1	printf("1: a = %p, b = %p, c = %p\n", a, b, c);

answer:

1: a = 0x7ffdd2edd3f0, b = 0x56411ea742a0, c = 0x7ffdd2edd889

Q2

c = a;
for (i = 0; i < 4; i++)
    a[i] = 100 + i;
c[0] = 200;
printf("2: a[0] = %d, a[1] = %d, a[2] = %d, a[3] = %d\n",
	   a[0], a[1], a[2], a[3]);

answer:

2: a[0] = 200, a[1] = 101, a[2] = 102, a[3] = 103

Q3

c[1] = 300;
*(c + 2) = 301;
3[c] = 302;
printf("3: a[0] = %d, a[1] = %d, a[2] = %d, a[3] = %d\n",
	   a[0], a[1], a[2], a[3]);

answer:

3: a[0] = 200, a[1] = 300, a[2] = 301, a[3] = 302

Q4

c = c + 1;
*c = 400;
printf("4: a[0] = %d, a[1] = %d, a[2] = %d, a[3] = %d\n",
	   a[0], a[1], a[2], a[3]);

answer:

4: a[0] = 200, a[1] = 400, a[2] = 301, a[3] = 302

Q5

c = (int *) ((char *) c + 1);
*c = 500;
printf("5: a[0] = %d, a[1] = %d, a[2] = %d, a[3] = %d\n",
	   a[0], a[1], a[2], a[3]);

answer:

5: a[0] = 200, a[1] = 400, a[2] = 500, a[3] = 302

wrong! this answer is much more difficult
5: a[0] = 200, a[1] = 128144, a[2] = 256, a[3] = 302

why a[1] = 128144, a[2] = 256? 这个题对于不懂大小端以及指针的人来说挺难的

如上图，其实是以大端的方式存储的（方便查看内容），但是其实在该计算机中实际以小端存储：

（以a[0]-a[2]为例）c8000000 90010000 2d010000…

c实际上是：

也就是修改*c，会修改加粗部分的内容c8000000 90010000 2d010000…（整体向后偏移1字节，因为char大小为1字节），修改后为：c8000000 90f4010000 00010000…，转换为大端表示如下图所示：

Q6

1
2
3

b = (int *) a + 1; // a+4
c = (int *) ((char *) a + 1); // a+1
printf("6: a = %p, b = %p, c = %p\n", a, b, c);

answer:

6: a = 0x7fffac3d88e0, b = 0x7fffac3d88e4, c = 0x7fffac3d88e1

git

从有向无环图去理解git的原理：一个git 仓库永远仅仅只是一个DAG和它的便利贴（branch 可以移动，tag则不行）

Storage

git 对象存储仅仅只是对象的有向无环图，它们通过SHA-1哈希来压缩和识别

blob

最简单的对象，字节的集合。
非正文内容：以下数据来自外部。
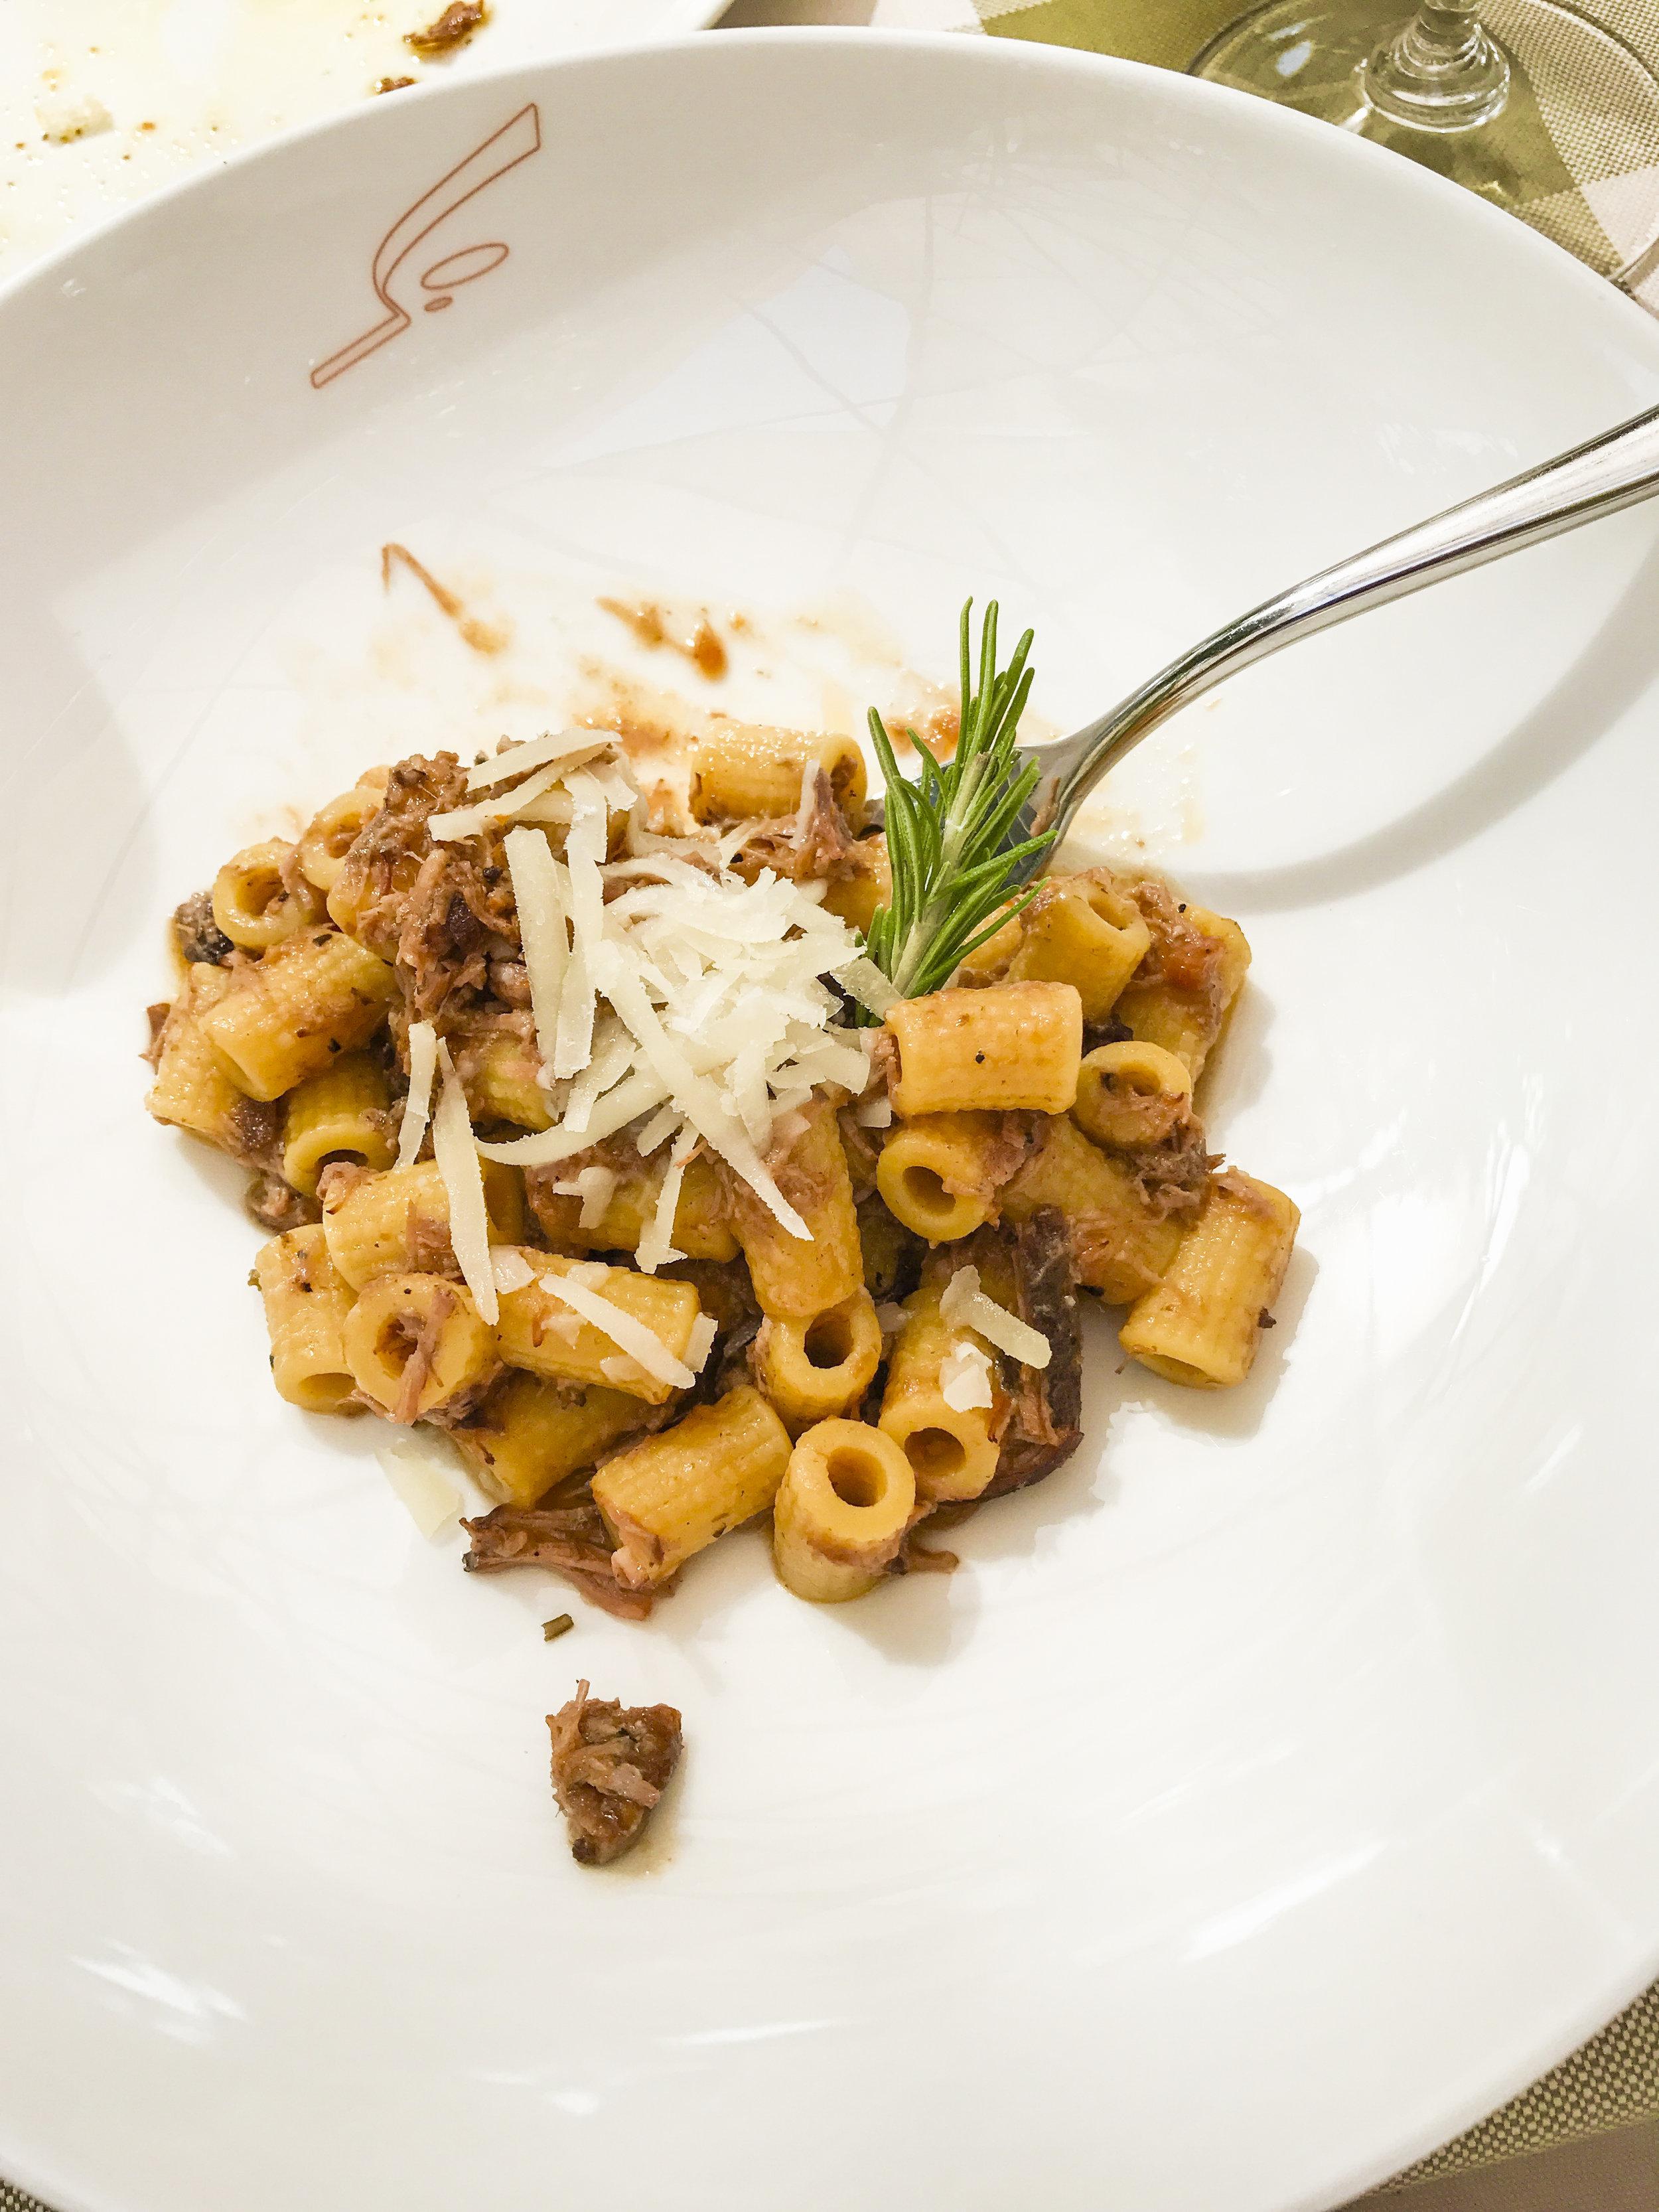 Maccheroncelli al sugo di anatra ~ short macaroni pasta with Tuscan style duck ragout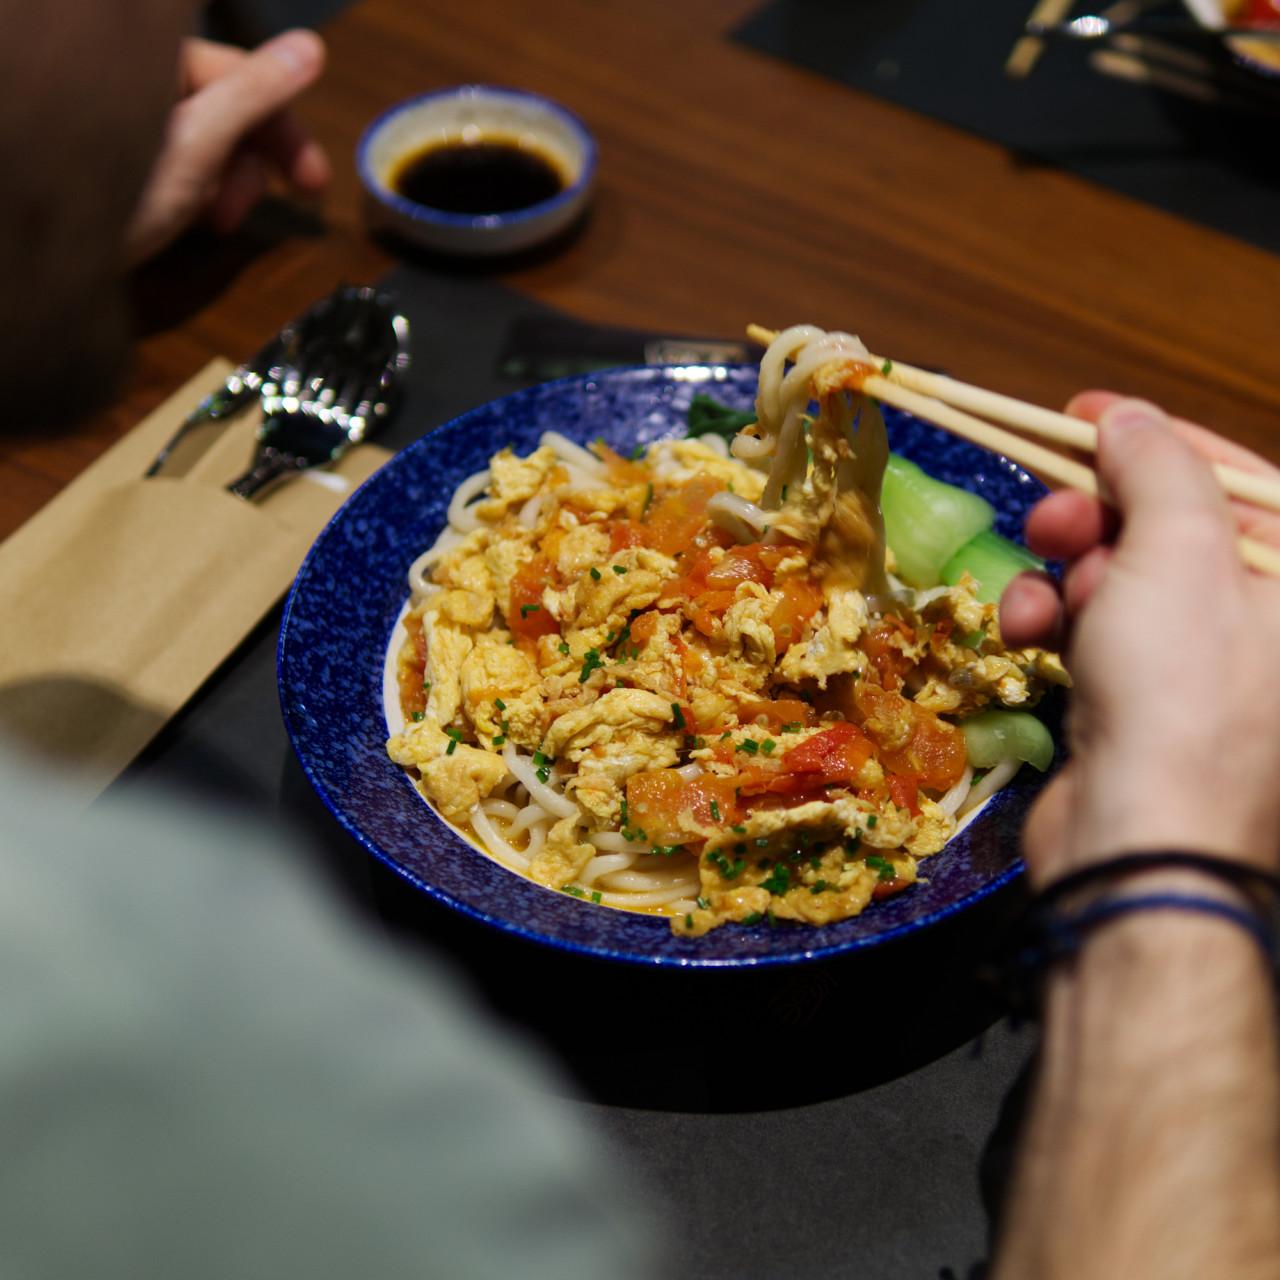 Vegi Nudel Gericht - man kann sich fast nicht satt genug essen! Foto: Lunchgate/Daniel/Ruedi Beck (Nuxara Productions)

通常是一个文件，但也可以是一个符号链接或是其他任何东西。

tree

目录由tree进行表示。他们指向的是file blobs 或是其他的trees（子目录）

commit

一个commit指向一个代表提交时刻文件状态的tree，它还可以指向0~n个其他的父commits，如果父commits多于一个意味着该commit是merge，没有父commit意味着是初始提交。

refs

references, heads or branches

refs

refs就像一个节点的便利贴一样，或是书签，表示“我在该节点工作”
git commit 在有向无环图中加入一个新的节点，并将当前分支的便利贴移动到最新的节点
HEAD ref比较特殊，因为它实际上指向另一个ref（指向当前正在活跃的branch）

remote refs

远程ref在不同的namespace下，并由远程服务器控制，git fetch可以更新它们

History

how to manage history?

simplest repo

clone

fetch one from remote

fetch

git merge remote

merge

git commit and git fetch later

commit

git merge remote

merge again

wasn’t fast-forward
a new commit node was create(e)

a few commits on both branches and another merge

more commits

DAG records exactly what the history of actions taken was

rebase

stitching

your commit is replaced by another commit with a different parent, and your branch is moved there.
the d is still here, not removed:

garbage collect

rebase multiple commits

rebase

script

为什么用script？

script是用来记录一个terminal session中发生的所有事情的

session的所有都可以被回放（replay），但需要timing log file的支持，详见scriptreplay

当print语句很多时，我们想要搜索我们关注的部分，可以把所有的console输出到一个文件中方便我们查找，别忘了记录完要exit哦

用法：

script [options] [file]

选项：

-a：追加输出到文件
-c：运行命令
-f：每次写之后刷新输出
-T: 记录时间信息到文件中
-I：记录输入到文件
-O：记录输出到文件

退出：

exit

展示：

addr2line

当内核出现错误，它会打出一个错误信息，里面包含程序计数器的值。可以使用addr2line将程序指令地址转换为所对应的函数名、以及函数所在的源文件名和行号。

例如，我们写一个错误程序：

#include<iostream>


int divide(int a, int b){
    return a/b;
}

int main(){
    int  a = 3, b = 0;
    int div = divide(a,b);
    std::cout<<div<<std::endl;
    return 0;

}

查看系统日志的错误信息发现，就是出错时所执行的位置。使用addr2line将程序指令地址进行转换，但是出现了显示？？:的问题

我试了好久，原来是每次程序运行时其VA（虚拟地址都是不同的），所以需要指定其偏移而不是绝对地址。那么是关于哪一个section的偏移呢？我试验了使用text是有问题的，即得不到正确的错误代码所在的行号：

实际上错误代码所在行号为5，而不是18；

为此，我查阅了资料，发现**/proc/id/maps** 对于正确使用addr2line很有帮助。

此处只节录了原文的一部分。